Activity:
Find the lines of data that contain the string "Amsterdam", then list them.

Source material:
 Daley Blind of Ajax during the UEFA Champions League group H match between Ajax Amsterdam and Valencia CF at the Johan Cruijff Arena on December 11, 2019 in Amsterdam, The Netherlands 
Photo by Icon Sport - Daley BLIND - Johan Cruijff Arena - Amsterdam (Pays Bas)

...

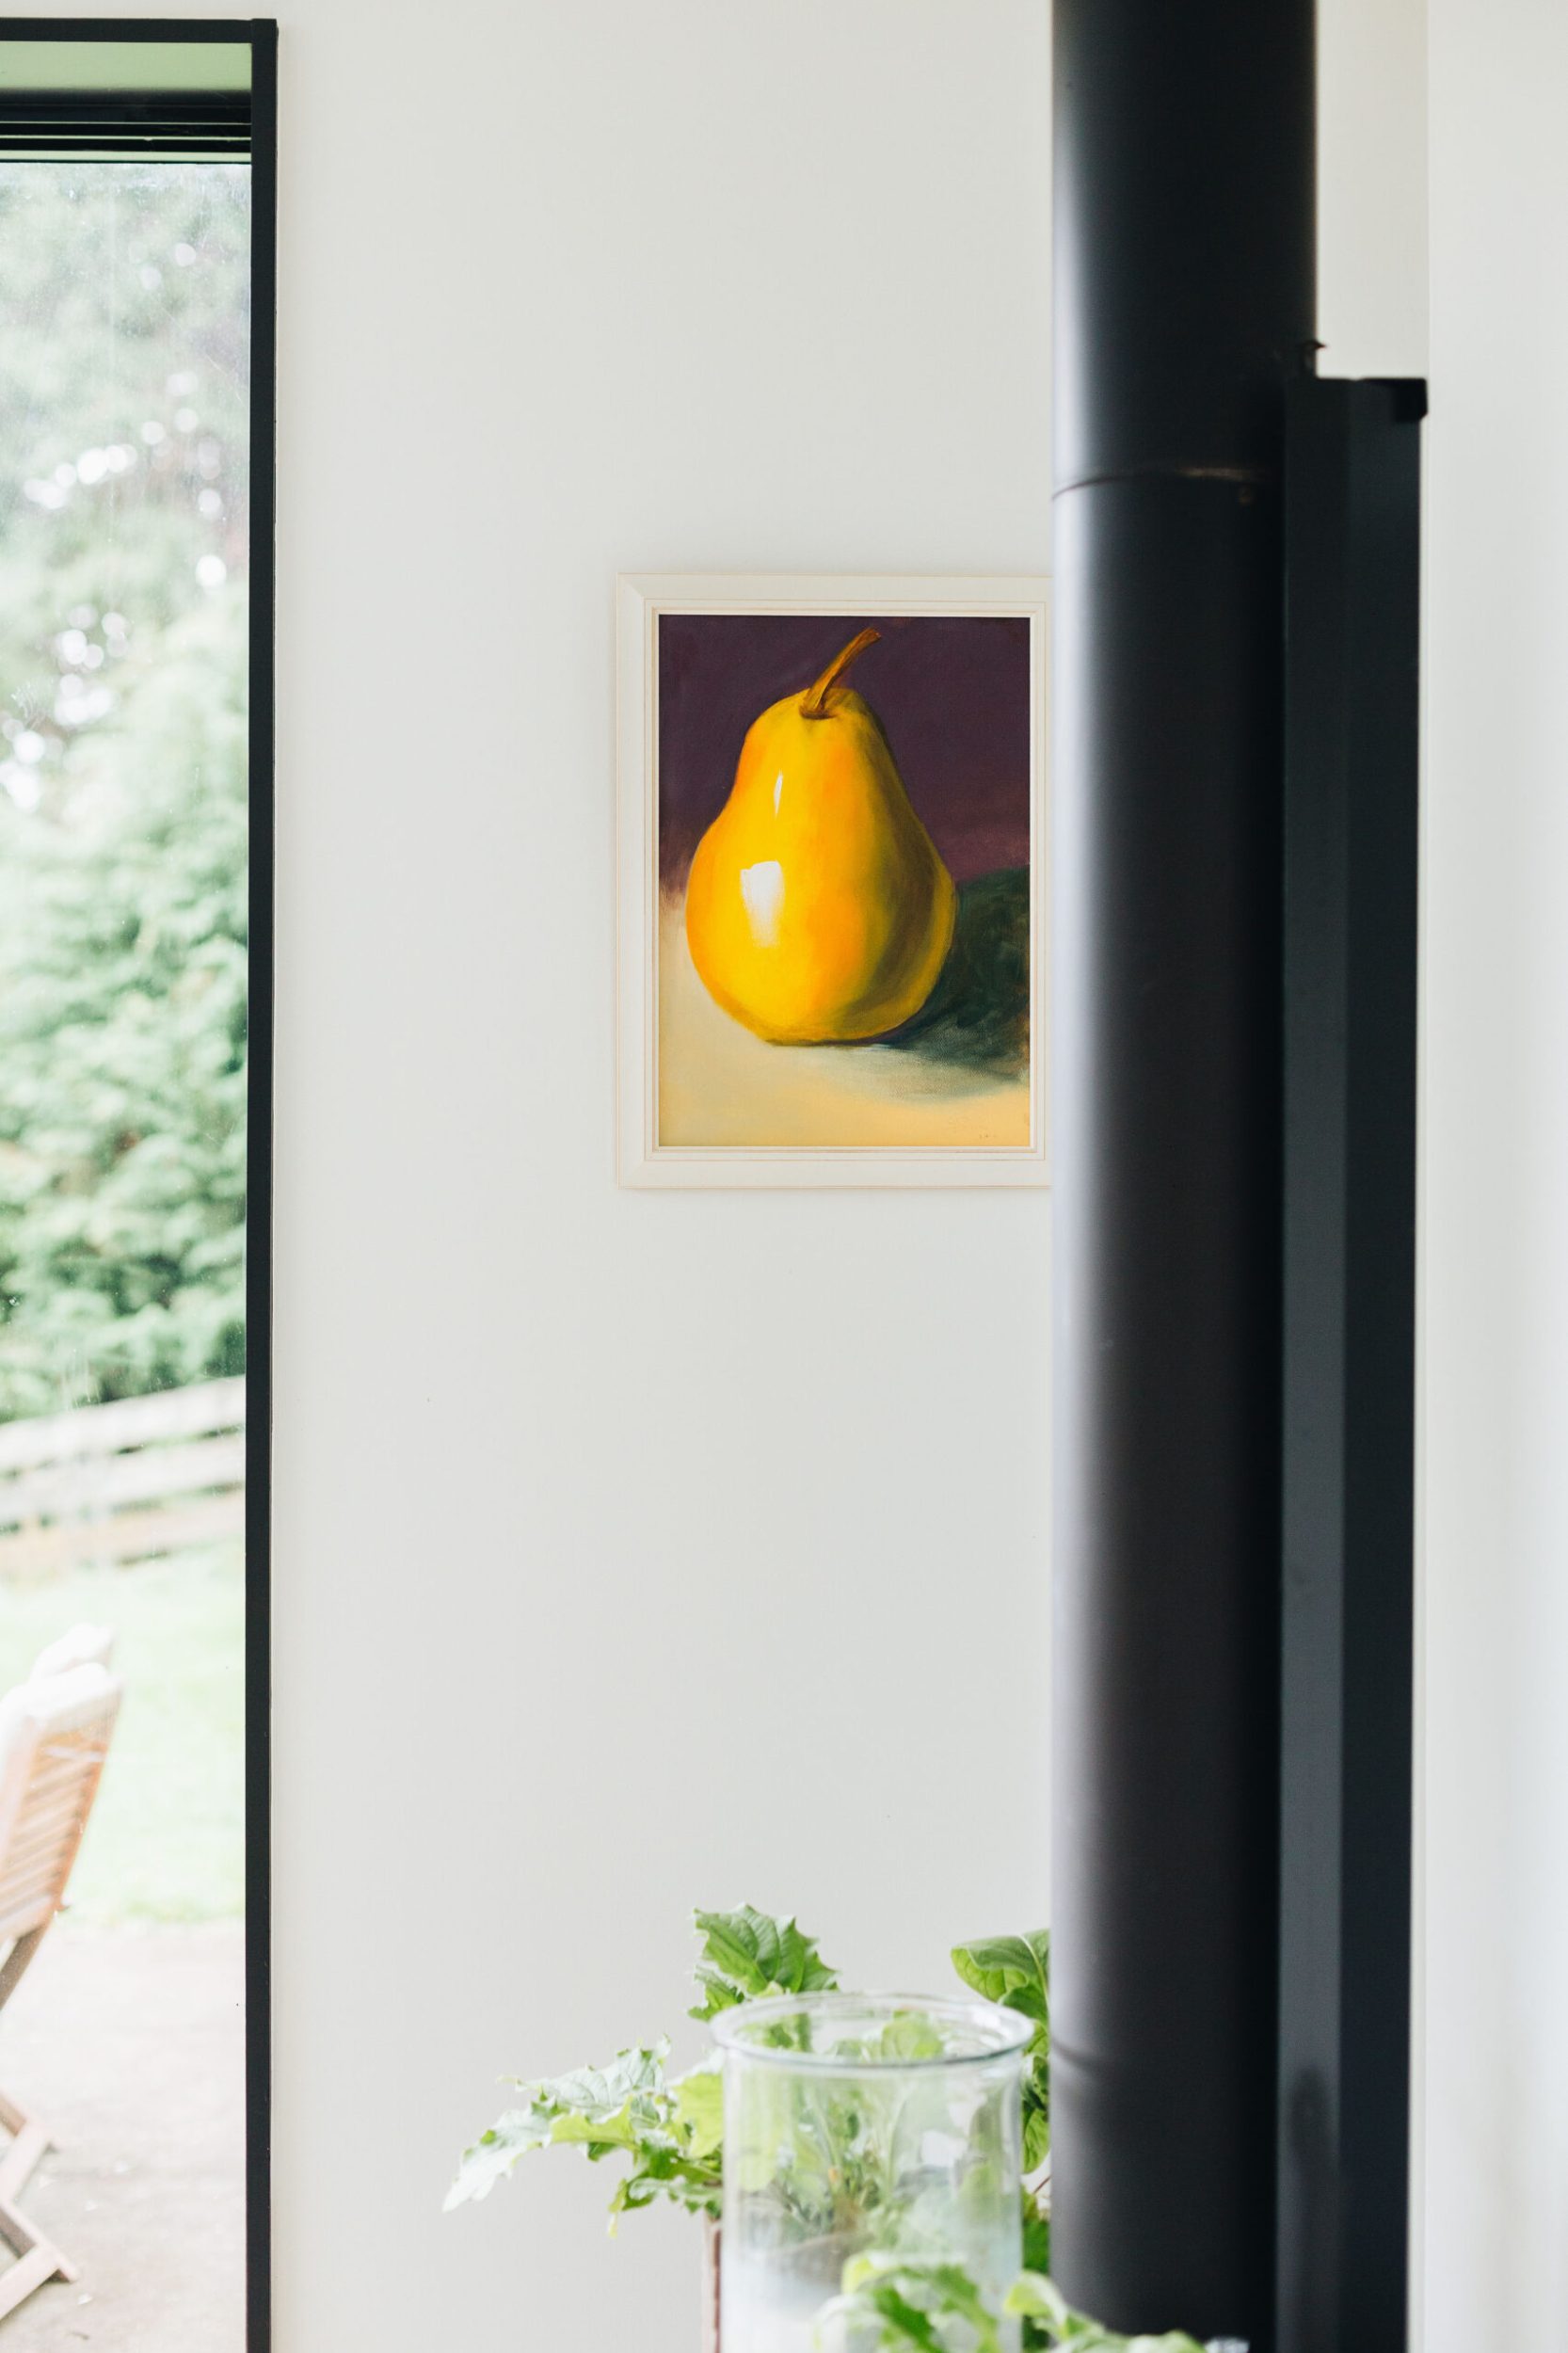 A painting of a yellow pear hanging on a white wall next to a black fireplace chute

--

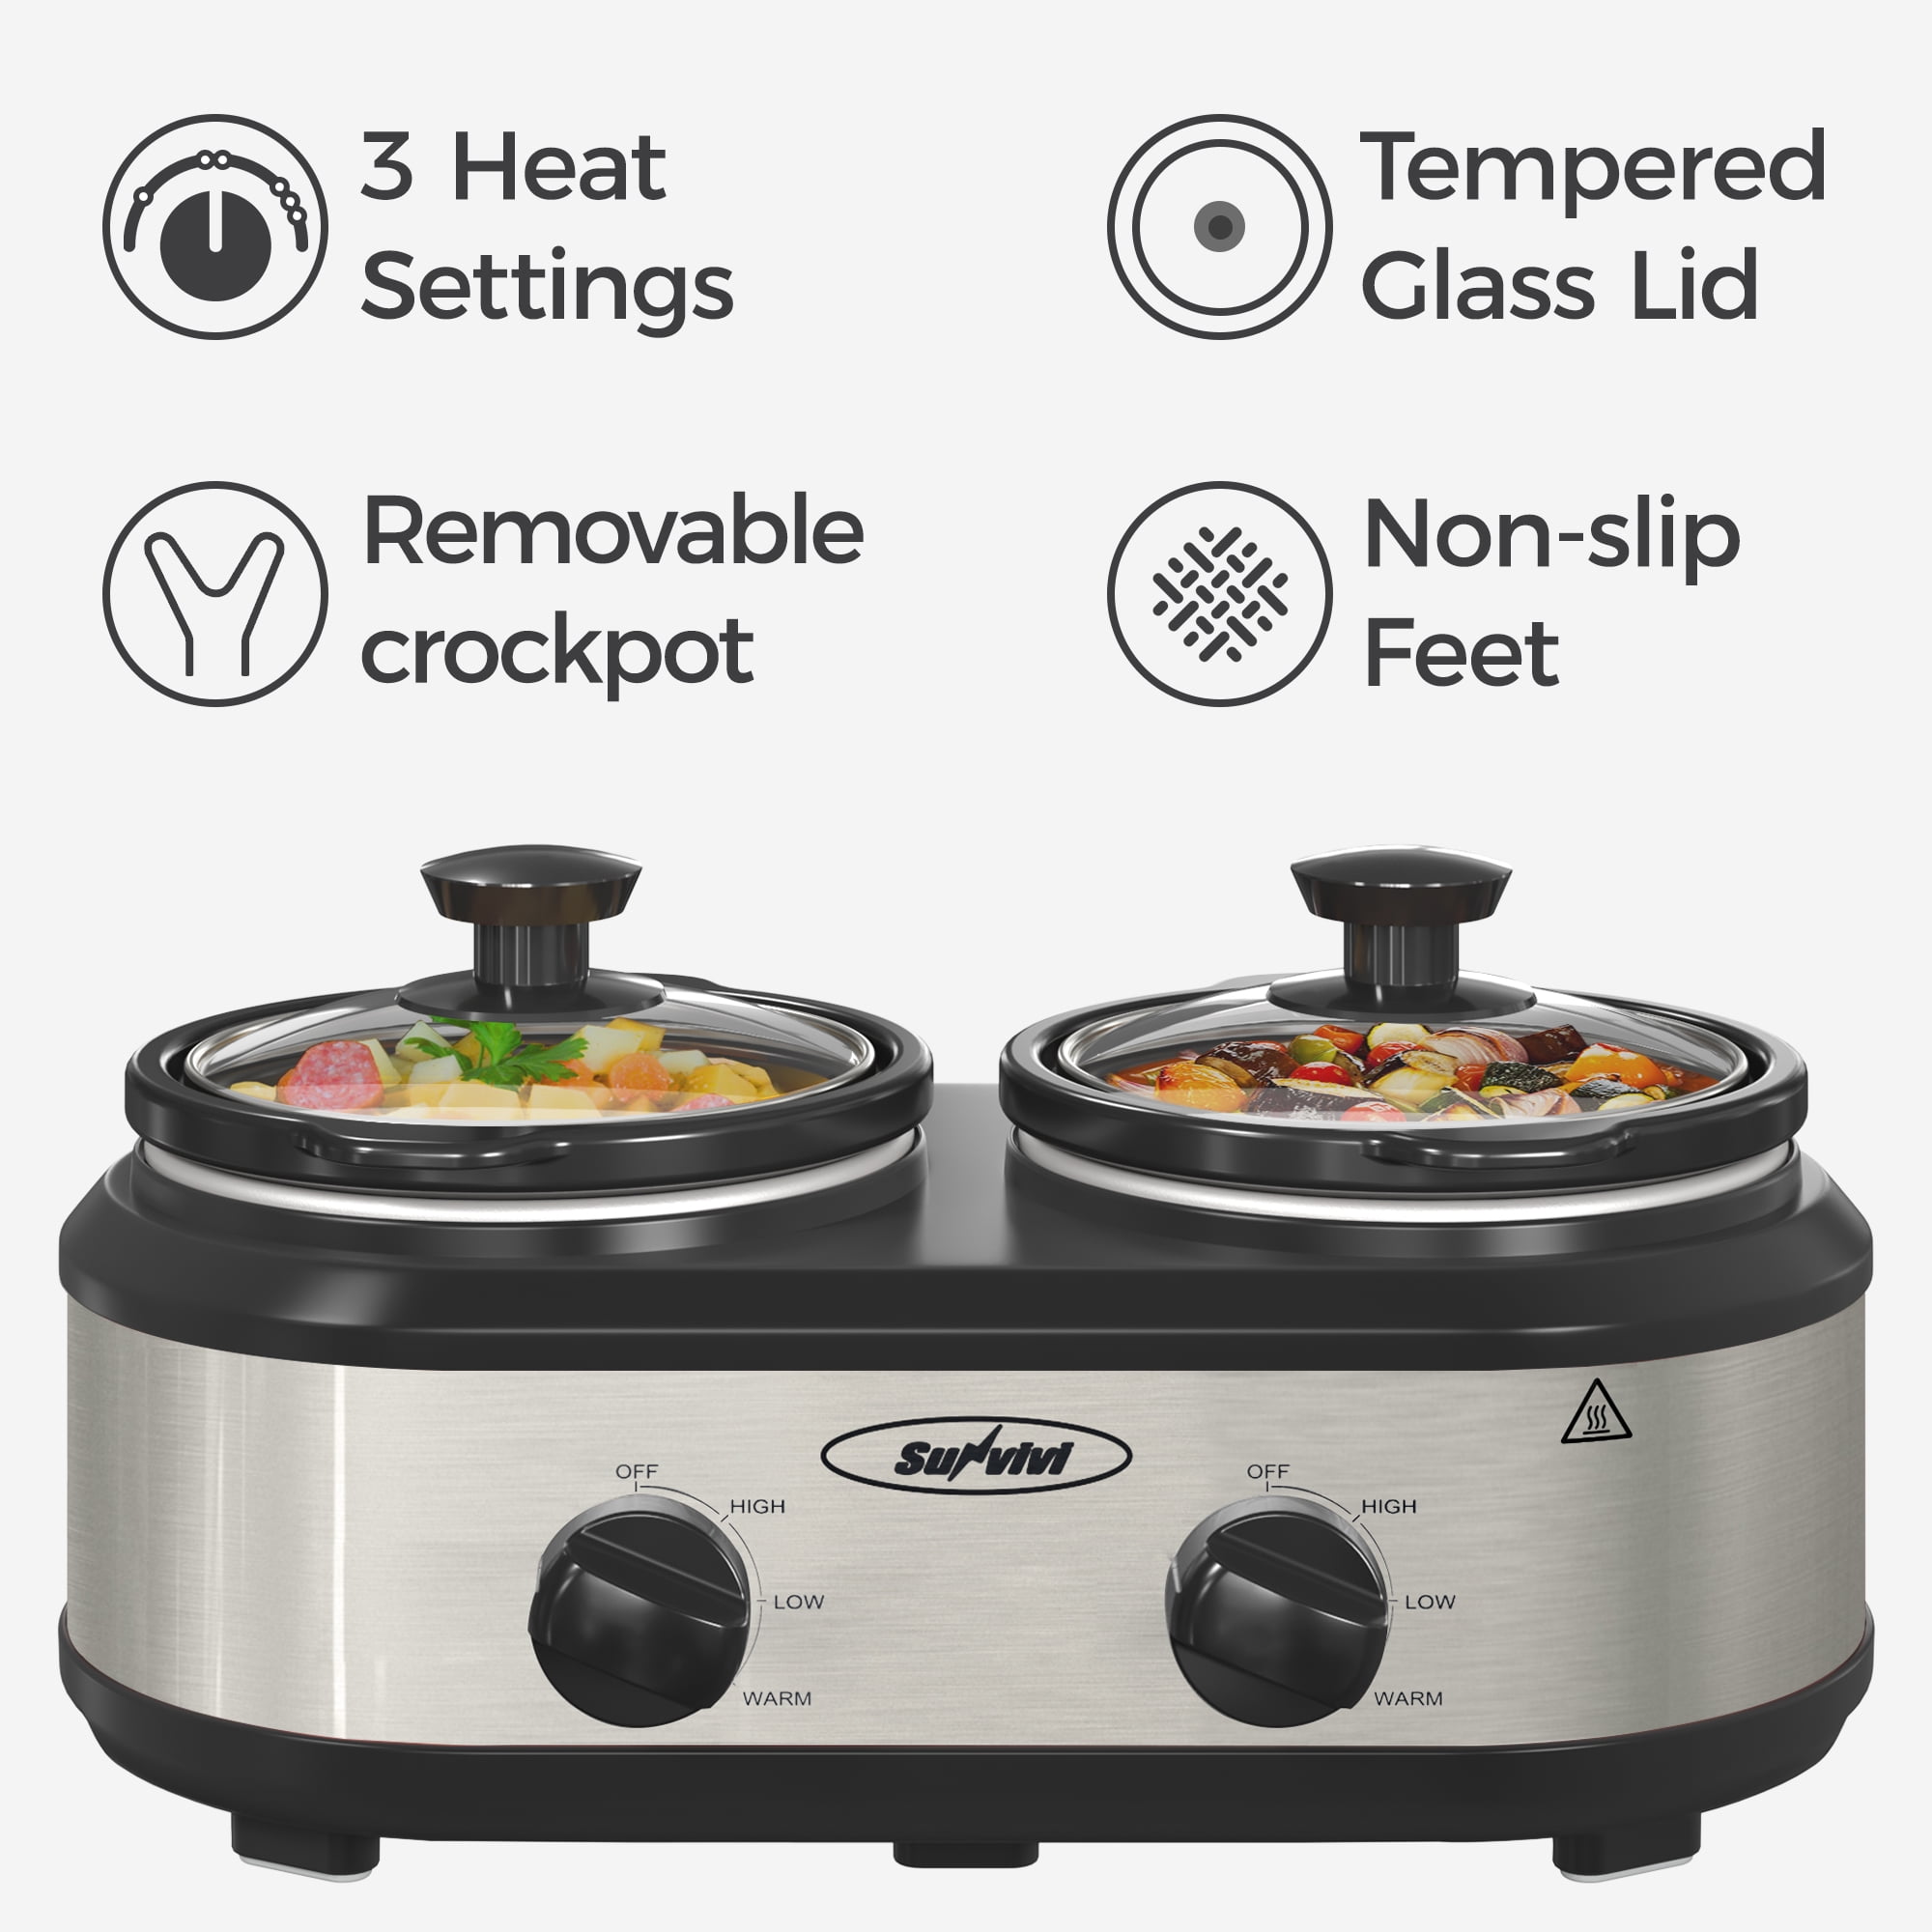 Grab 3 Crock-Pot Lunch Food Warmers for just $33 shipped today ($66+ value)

Problem solution:
 Daley Blind of Ajax during the UEFA Champions League group H match between Ajax Amsterdam and Valencia CF at the Johan Cruijff Arena on December 11, 2019 in Amsterdam, The Netherlands 
Photo by Icon Sport - Daley BLIND - Johan Cruijff Arena - Amsterdam (Pays Bas)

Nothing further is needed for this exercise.